**PROBLEM STATEMENT**. Look below for the line that contains "Siemens Standard Drives Application Handbook" and the line that contains "Sunrise at Everest", then restate both of them and every line in between, exactly. No picture goes in the copy.

**SOURCE DATA**.

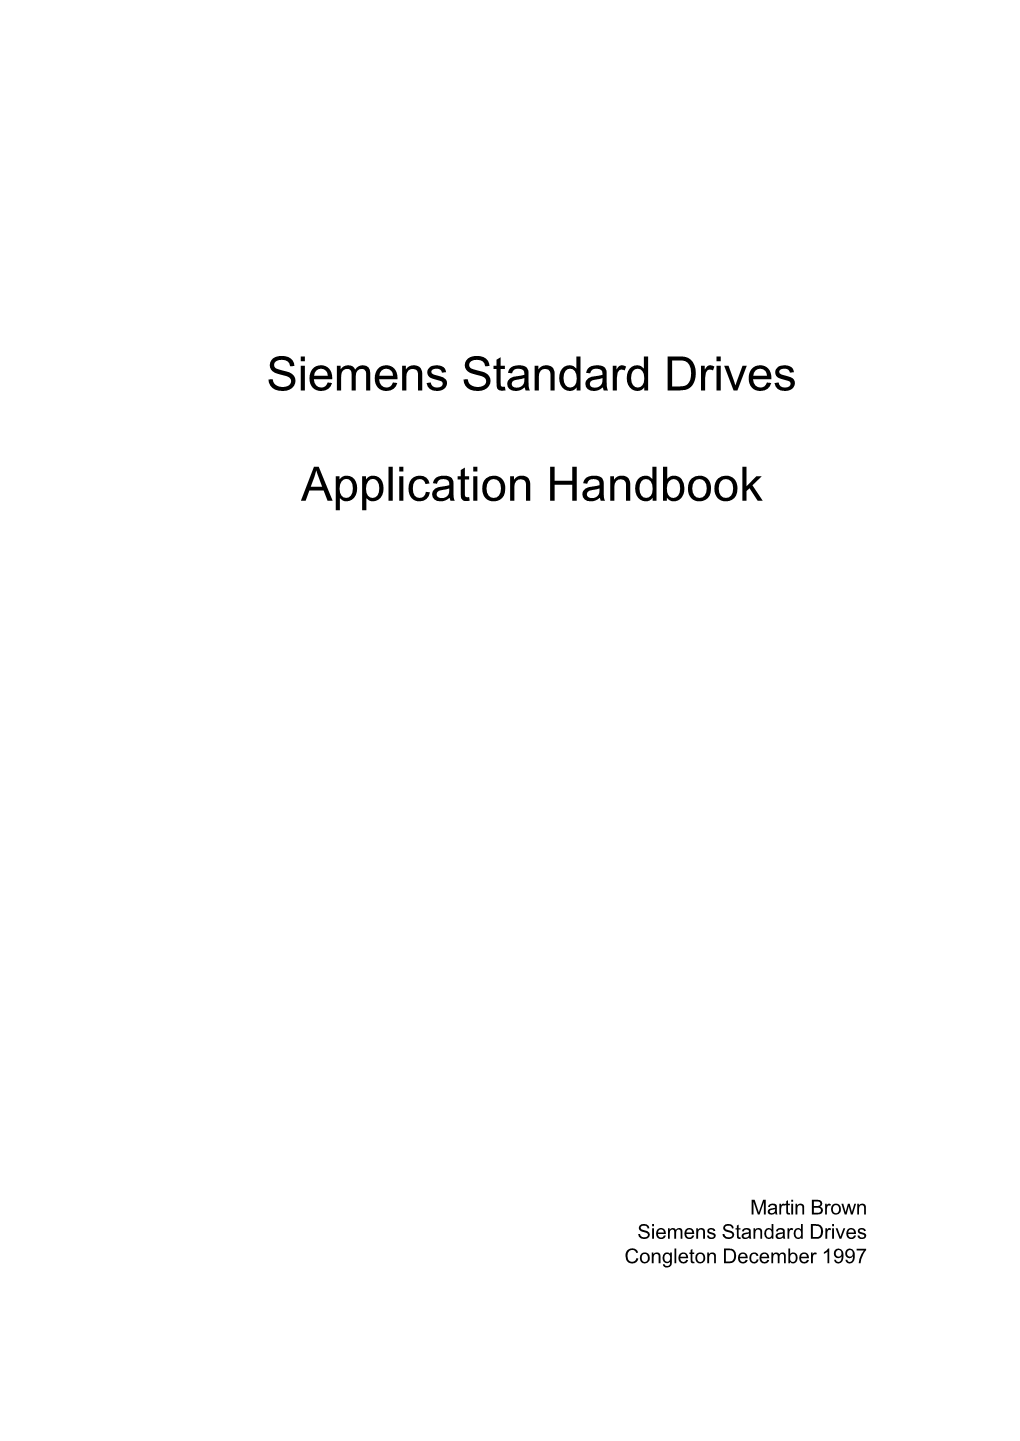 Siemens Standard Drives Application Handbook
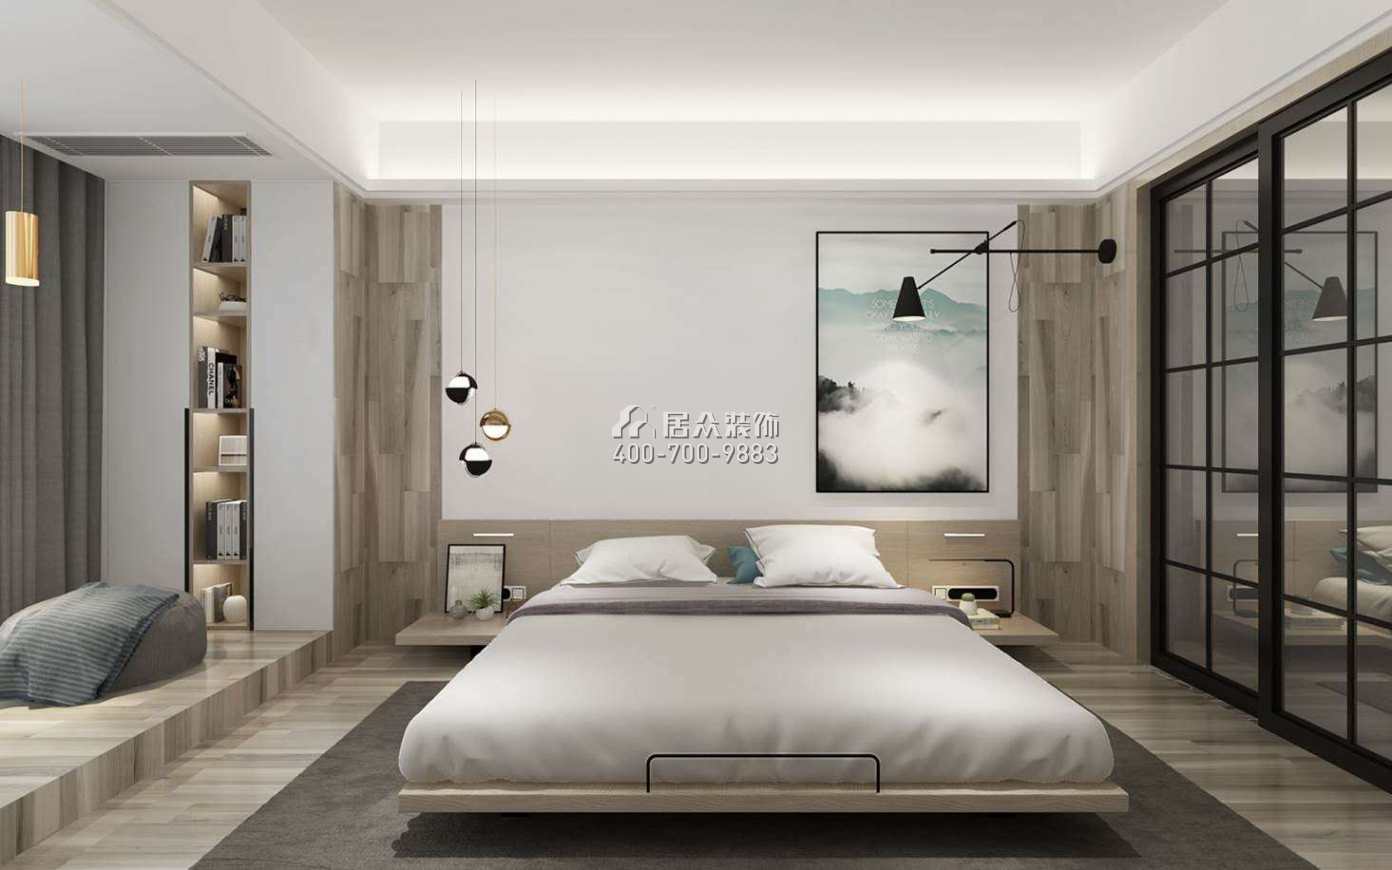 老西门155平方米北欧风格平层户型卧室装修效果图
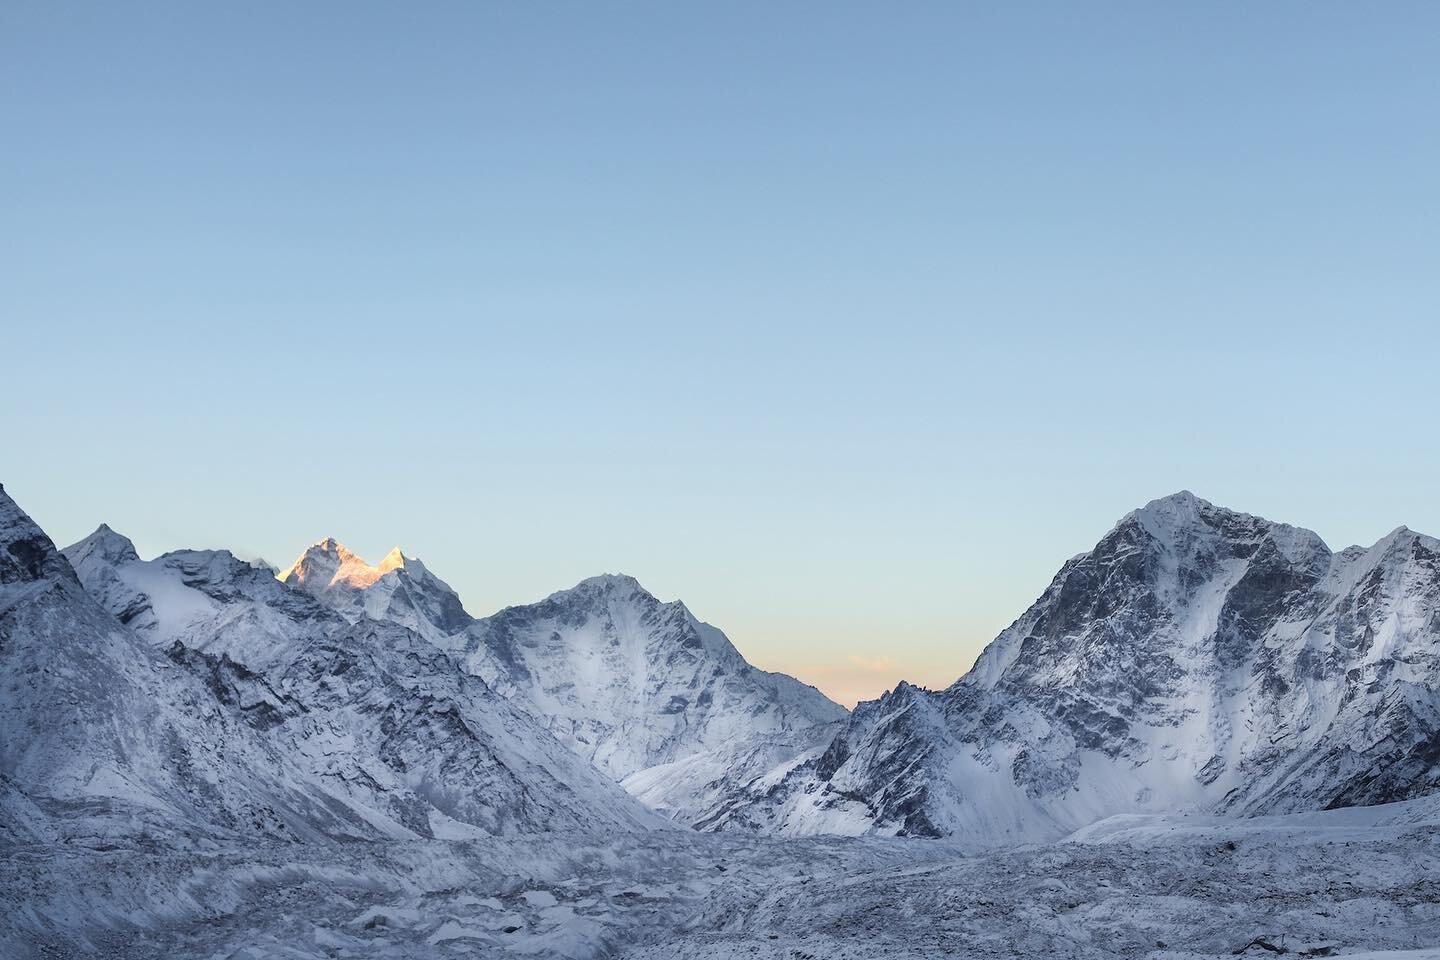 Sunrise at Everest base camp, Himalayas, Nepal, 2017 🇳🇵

---

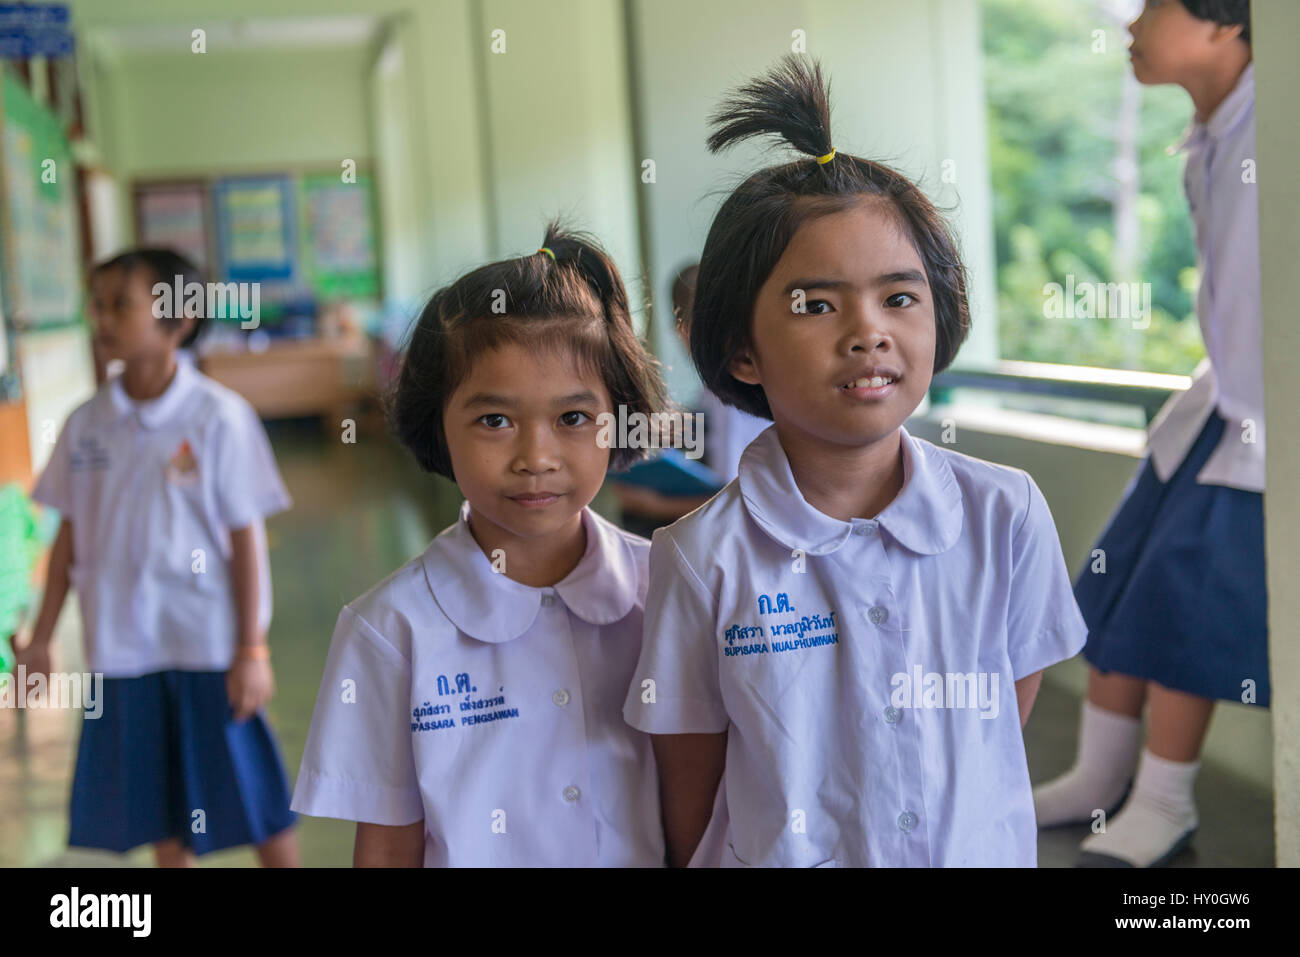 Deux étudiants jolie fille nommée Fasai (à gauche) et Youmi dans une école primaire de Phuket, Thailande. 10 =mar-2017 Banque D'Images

**TASK OUTPUT**.
 Siemens Standard Drives Application Handbook
 老西门155平方米北欧风格平层户型卧室装修效果图
 Sunrise at Everest base camp, Himalayas, Nepal, 2017 🇳🇵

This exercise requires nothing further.